On November 3, 2009, Inside Edition reiterated the claim that the show was staged, citing several more actors who said they were paid to appear. One of them appeared in the Greco stabbing episode and claimed it was staged. Despite the depiction of a male being placed under arrest for stabbing Greco, Inside Edition found that no actual arrest matching that description was made by the Rowlett, Texas police department, where the episode took place. The ambulance shown, along with the EMS personnel appeared to be from "Greater Dallas EMS". Greater Dallas EMS was a private transfer ambulance in the Dallas area but would have never been dispatched for a 911 emergency. They are now out of business after being raided by the FBI in an investigation known as Operation Easy Rider. Physician–patient privilege would prevent the hospital that treated Greco from releasing records to Inside Edition. Nothing prevents the producers of Cheaters from voluntarily displaying the records, yet they have not done so. Despite the lack of records, Goldstein denied in an interview that the episode was staged. In a follow-up, aired on Inside Edition the following week (November 9, 2009), Greco was interviewed by investigative reporter Matt Meagher about the previous week's accusations. Greco declined to respond, claiming that he could not legally do so.

On August 8, 2010, an Equal Employment Opportunity Commission press release reported that Bobby Goldstein Productions, Inc., and Cheaters II, Ltd. (Civil Action No. 3:08-CV-1912-P) paid $50,000 to settle a sexual harassment lawsuit. The suit was brought on the behalf of two female office assistants who were the target of frequent sexual jokes and comments, unwanted physical advances, and propositions for sex. The alleged perpetrators included members of upper management. Says attorney Robert A. Canino, a regional attorney from the EEOC Dallas District Office, "just because the creator of Cheaters promotes a TV show business which thrives on featuring sexual transgressions, it is no justification for engaging in sexual improprieties which violate the employment rights of his female employees behind the scenes."

== Merchandise ==
Visual Entertainment of Canada has released several best-of collections of Cheaters on DVD in Region 1. In addition the Cheaters Spy Shop was launched in September 2011 to sell items used on the show and has been promoted in episodes beginning in the Season 12. Cheaters DVD are distributed in the United States by Scotty Gelt Films and are released uncensored, with language and sexual content (including occasional views of acts such as fellatio and penetration) shown unfiltered.

== References in pop culture ==

The show has been parodied and referenced in several films and television shows, such as Janky Promoters (2009), George Lopez, Disturbia (2007), Sex Drive (2008), Just Go With It (2011), Mind of Mencia, TV: The Movie (2007), Talkshow with Spike Feresten, Workaholics, Unhitched, The Simpsons, and The Jay Leno Show.

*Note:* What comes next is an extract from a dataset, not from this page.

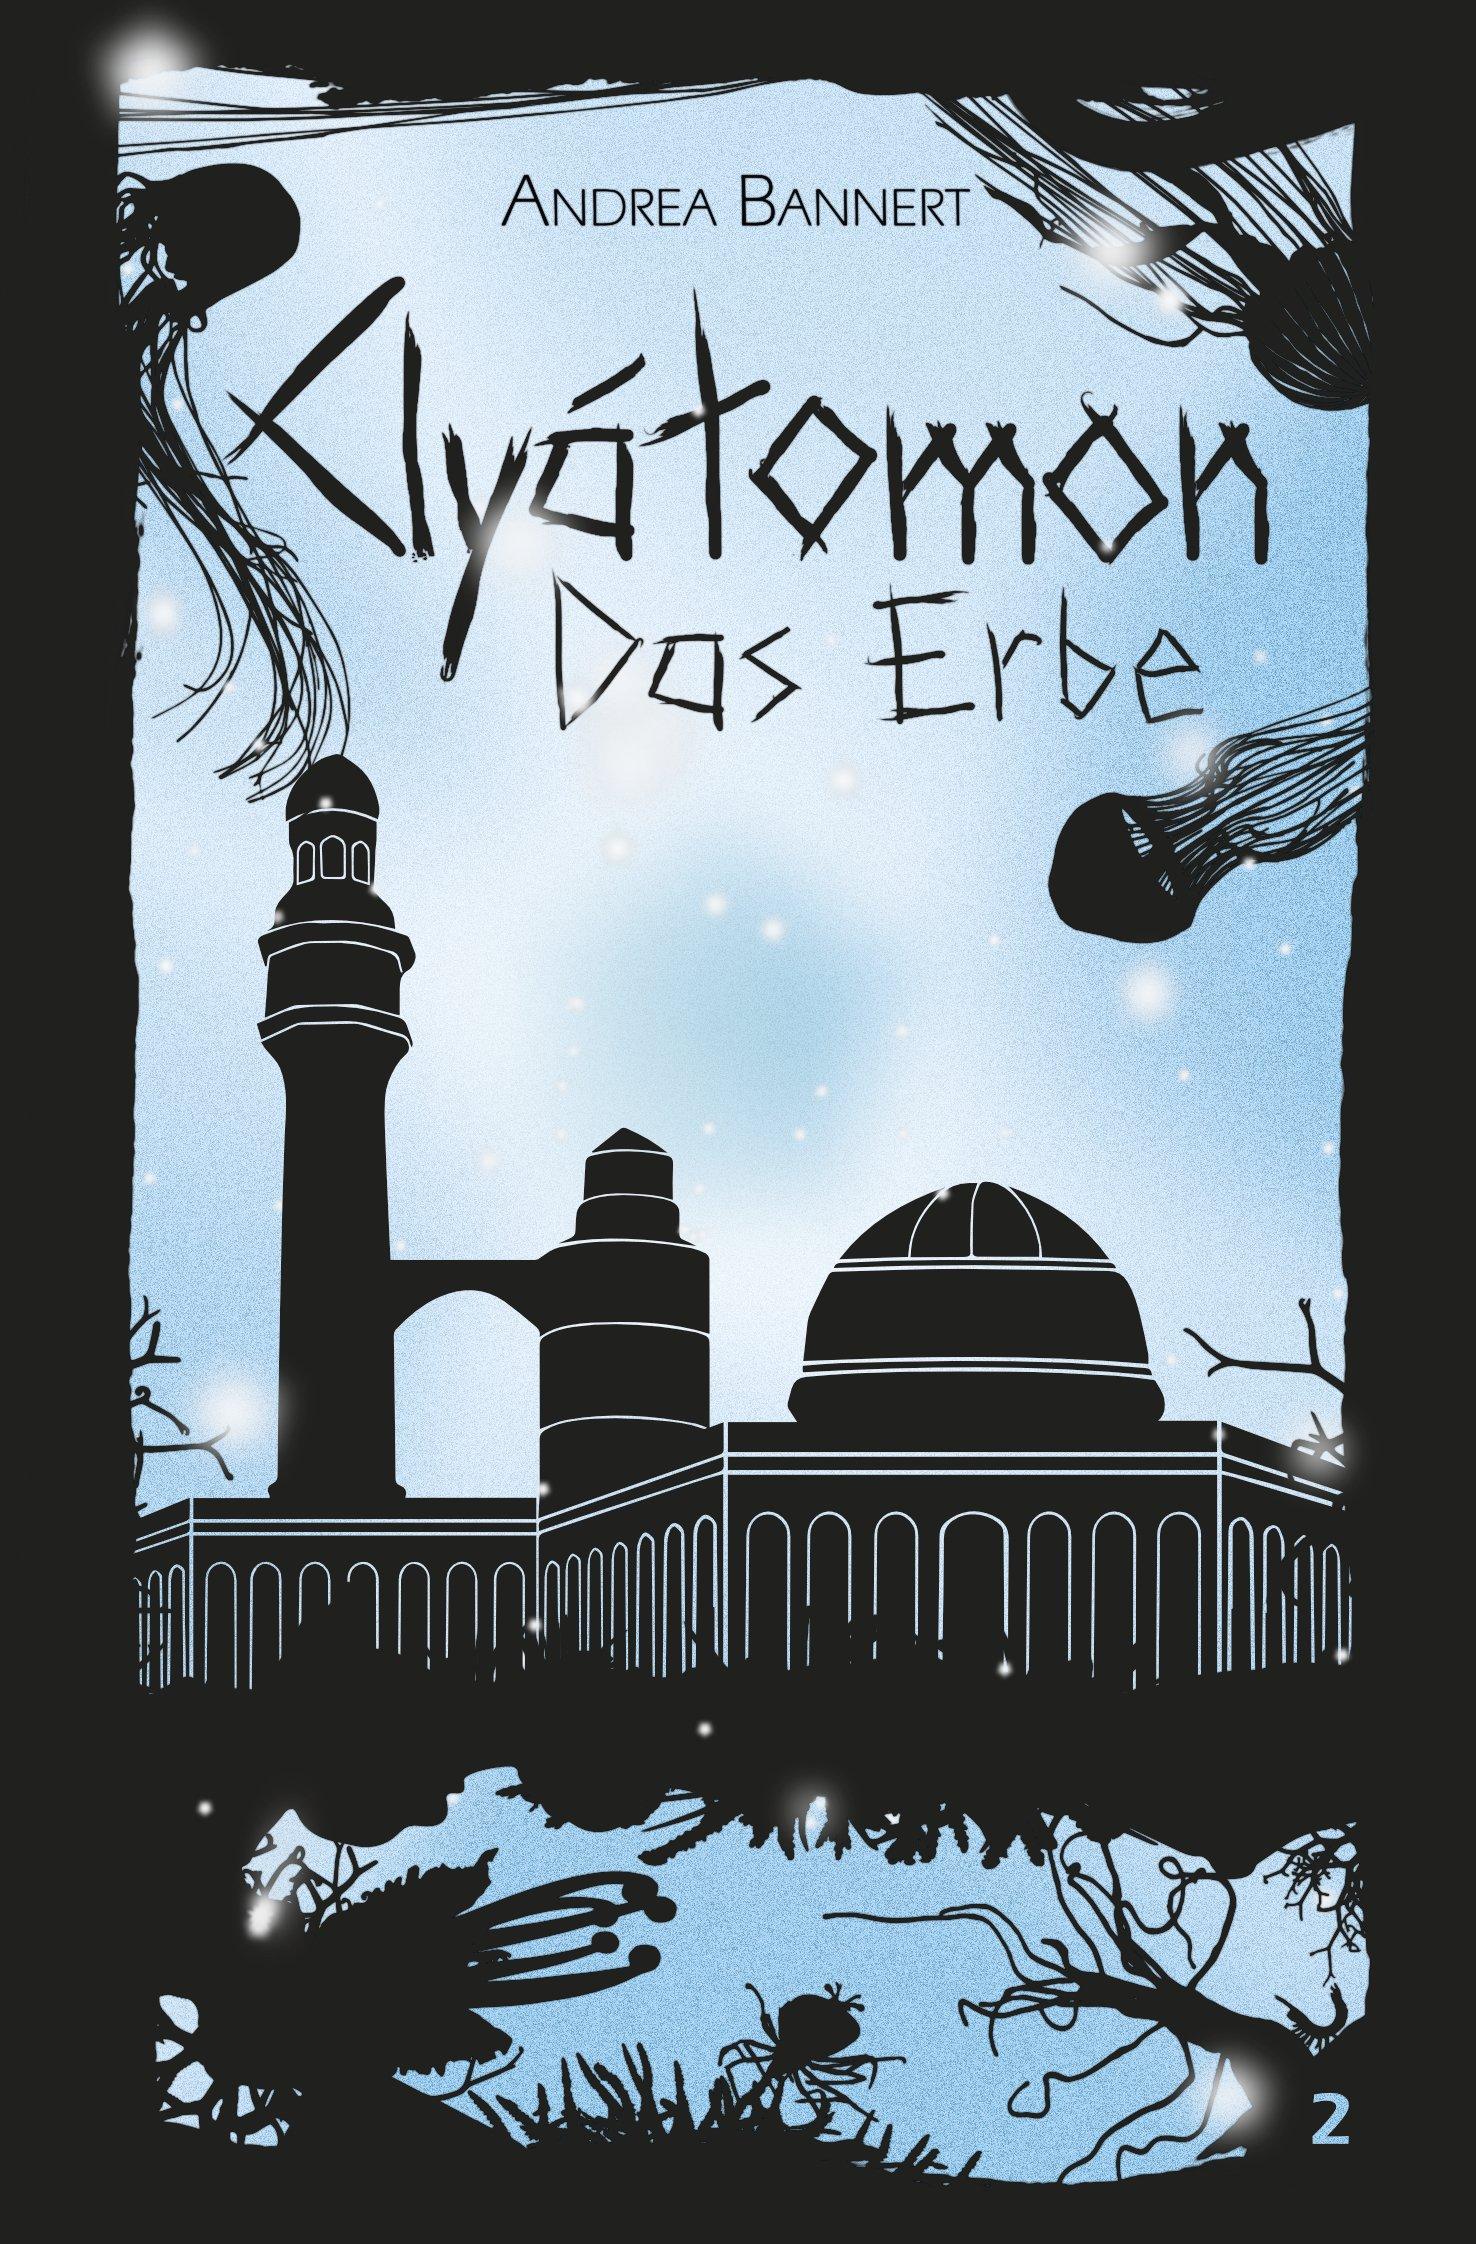 Clyátomon - Das Erbe

The 2009 music video for the Jacki-O track I Got Yo Boyfriend spoofs the Cheaters format, with rapper Jacki-O posing as the "companion".

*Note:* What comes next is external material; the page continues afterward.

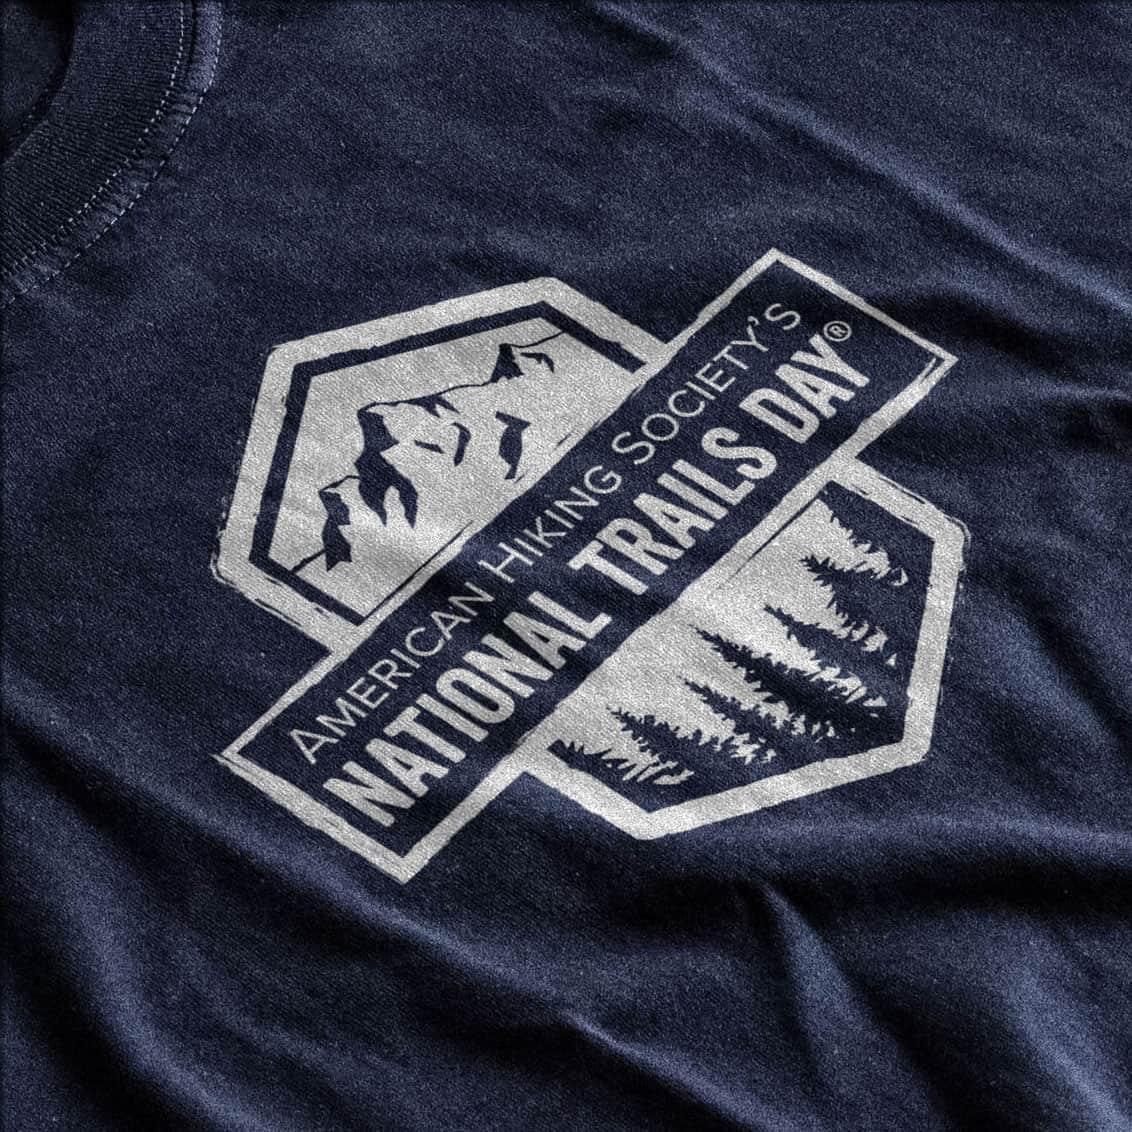 19 NTD Tshirt Mockup2v1

In the 2020 song, "Need It", by Migos ft. NBA Youngboy from the former's Culture III, Migos member Offset sings during the chorus: "Then I leave her, I can’t get caught up, I can’t be on Cheaters".

In the song, "Hats Off" by Lil Baby & Lil Durk (off their collaborative project, The Voice of the Heroes, released in 2021), featured artist on the track, Travis Scott, raps during his verse: "Sorry, gotta fuck on the low, I can't make Cheaters." Scott was accused of cheating during his high-profile relationship with model/socialite Kylie Jenner.